(EXERCISE) Take the line containing "Grey Multi Pocket Textured Leather Bag" and every line after it to the end of the data, and write them out exactly as they appear.

(MATERIALS PROVIDED Opens)

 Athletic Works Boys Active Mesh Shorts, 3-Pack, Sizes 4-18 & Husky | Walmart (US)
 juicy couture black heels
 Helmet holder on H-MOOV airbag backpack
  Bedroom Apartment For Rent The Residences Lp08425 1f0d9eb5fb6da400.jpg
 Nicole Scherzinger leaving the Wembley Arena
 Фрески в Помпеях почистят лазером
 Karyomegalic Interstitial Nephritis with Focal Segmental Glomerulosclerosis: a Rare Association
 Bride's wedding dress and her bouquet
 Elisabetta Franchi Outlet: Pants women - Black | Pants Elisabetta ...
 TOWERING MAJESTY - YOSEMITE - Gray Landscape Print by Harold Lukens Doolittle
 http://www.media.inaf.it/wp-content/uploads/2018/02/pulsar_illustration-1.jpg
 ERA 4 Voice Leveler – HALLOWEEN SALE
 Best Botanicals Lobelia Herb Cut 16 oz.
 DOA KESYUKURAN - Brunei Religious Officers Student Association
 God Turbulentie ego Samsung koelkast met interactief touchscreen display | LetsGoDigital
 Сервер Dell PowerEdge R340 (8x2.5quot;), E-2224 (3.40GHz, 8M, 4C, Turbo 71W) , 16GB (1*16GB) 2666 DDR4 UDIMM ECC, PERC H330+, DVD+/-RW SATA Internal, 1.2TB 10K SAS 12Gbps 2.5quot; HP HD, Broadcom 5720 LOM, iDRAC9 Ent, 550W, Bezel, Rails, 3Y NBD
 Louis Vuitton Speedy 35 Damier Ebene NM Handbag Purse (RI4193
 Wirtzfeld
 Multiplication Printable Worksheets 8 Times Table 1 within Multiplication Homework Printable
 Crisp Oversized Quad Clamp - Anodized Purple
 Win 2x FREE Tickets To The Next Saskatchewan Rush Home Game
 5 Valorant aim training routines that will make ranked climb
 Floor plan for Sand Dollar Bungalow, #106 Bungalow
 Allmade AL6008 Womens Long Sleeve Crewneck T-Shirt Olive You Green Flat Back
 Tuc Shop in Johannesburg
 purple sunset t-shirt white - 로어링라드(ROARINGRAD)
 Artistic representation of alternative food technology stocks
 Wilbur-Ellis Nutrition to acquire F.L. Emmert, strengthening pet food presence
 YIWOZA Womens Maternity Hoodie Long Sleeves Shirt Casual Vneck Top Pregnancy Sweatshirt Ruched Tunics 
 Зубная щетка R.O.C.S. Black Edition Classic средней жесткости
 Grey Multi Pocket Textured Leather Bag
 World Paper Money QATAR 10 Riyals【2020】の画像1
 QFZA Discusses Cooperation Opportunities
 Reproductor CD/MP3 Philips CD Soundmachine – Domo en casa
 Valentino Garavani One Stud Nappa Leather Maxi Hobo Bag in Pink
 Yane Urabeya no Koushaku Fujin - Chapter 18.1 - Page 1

(MATERIALS PROVIDED Closes)

(EXERCISE RESPONSE)
 Grey Multi Pocket Textured Leather Bag
 World Paper Money QATAR 10 Riyals【2020】の画像1
 QFZA Discusses Cooperation Opportunities
 Reproductor CD/MP3 Philips CD Soundmachine – Domo en casa
 Valentino Garavani One Stud Nappa Leather Maxi Hobo Bag in Pink
 Yane Urabeya no Koushaku Fujin - Chapter 18.1 - Page 1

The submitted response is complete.